If you prefer to start with a video introduction to these berries, check out our video below.
Our video overview of edible berries in the Pacific Northwest
#1. Salmonberry
Since they remind me so much of home, salmonberries are one of my favorite wild edible berries. Although they’re quite common in Pacific Northwest forests, salmonberries are rarely mentioned in popular culture, and they’re rarely sold commercially.
Salmonberries have the showiest flowers of the seven Pacific Northwest edible berries I’ll cover here, and they’re also first to fruit each year. After an April/May bloom season, the bright magenta flowers ripen to a mix of orange and red berries between May and July, with the timing depending on where you are in the region. Orange salmonberries don’t deepen to red over time—the berries just vary in color when fully ripe!

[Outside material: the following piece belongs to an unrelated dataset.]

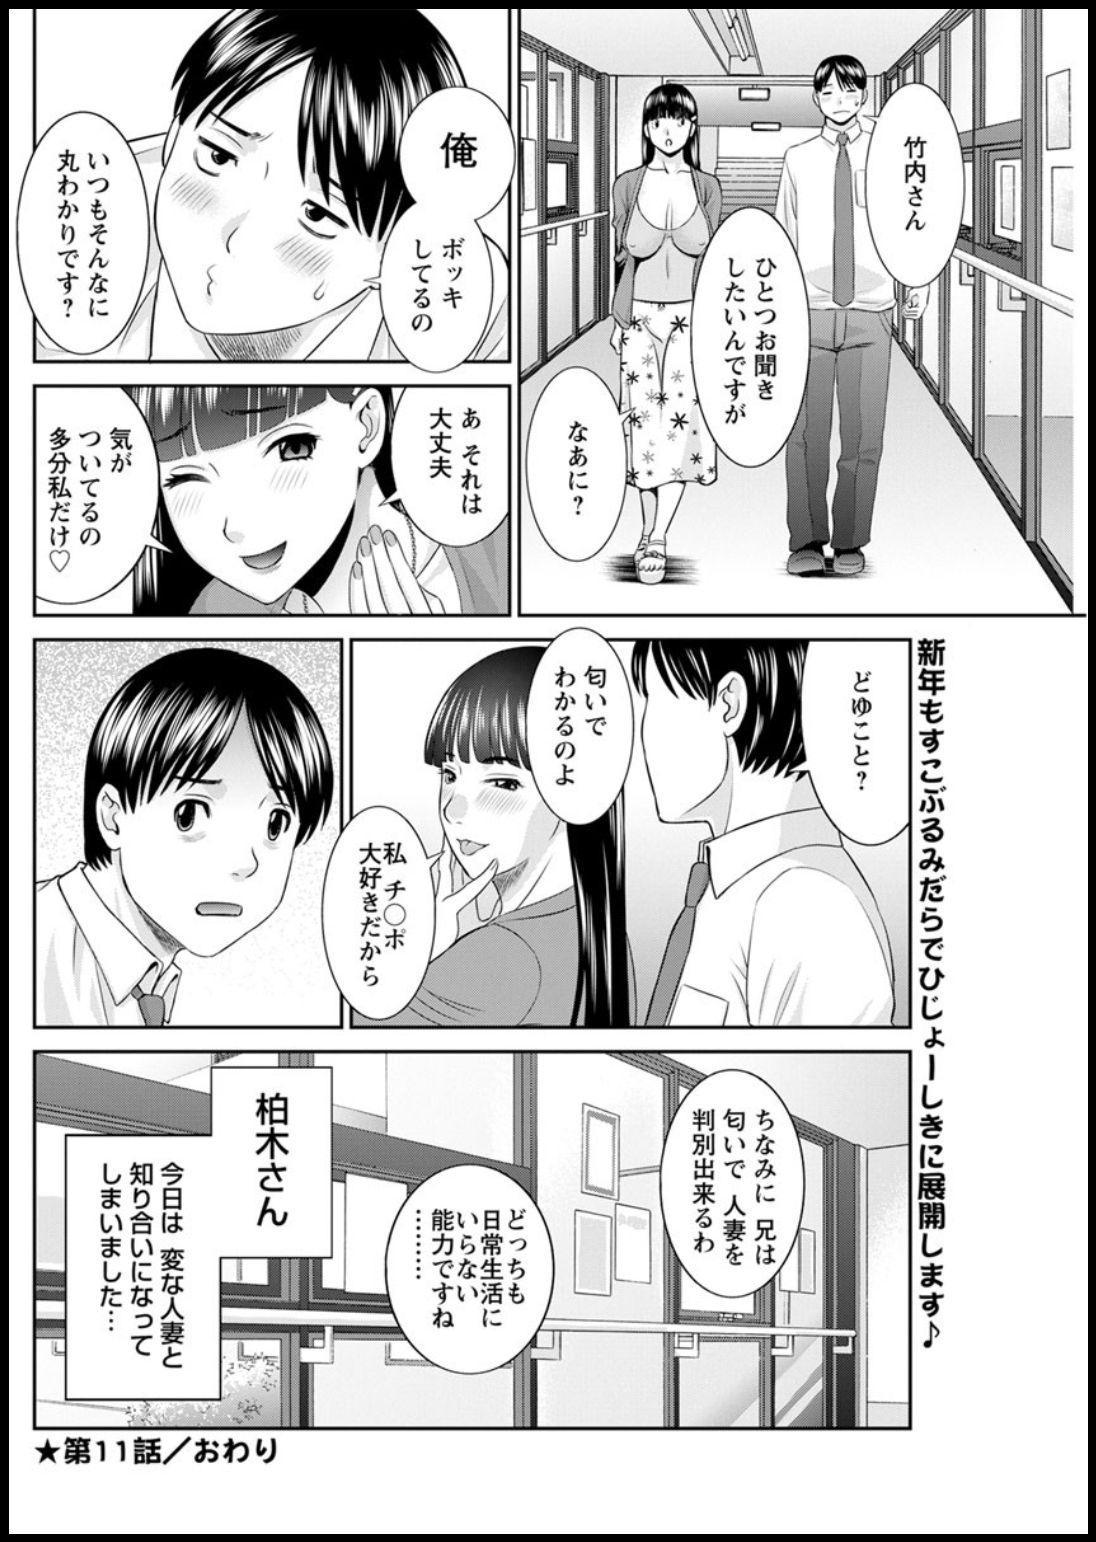 [Kawamori Misaki] Kaikan Hitotsuma Gakuen Ch. 1-6, 8-20 [Digital] 185

Salmonberries are very juicy and quite large, like an inflated raspberry. The salmonberry flavor is mild, but a little bitter. Bryan says the bitter flavor is too strong. Let us know in the comments what you think!
They grow in thickets that provide good cover for wildlife. According to the US Forest Service, salmonberries grow from California all the way up to Alaska, and also occur across the ocean in Japan! The leaves grow in sets of three, and if you fold the middle leaf backward, the two leaves remaining resemble an upside-down butterfly.
The origin of the name “salmonberry” may trace back to the Native American tradition of eating salmonberries with salmon and salmon eggs.
#2. Red Huckleberry
The red huckleberry is another childhood favorite, though you’d need to pick a ton of them to live off the land, as they’re very small! The red huckleberry grows all over the low elevation forests west of the Cascades. If you live near the I-5 corridor in Washington or Oregon, this is probably the huckleberry you’ll find.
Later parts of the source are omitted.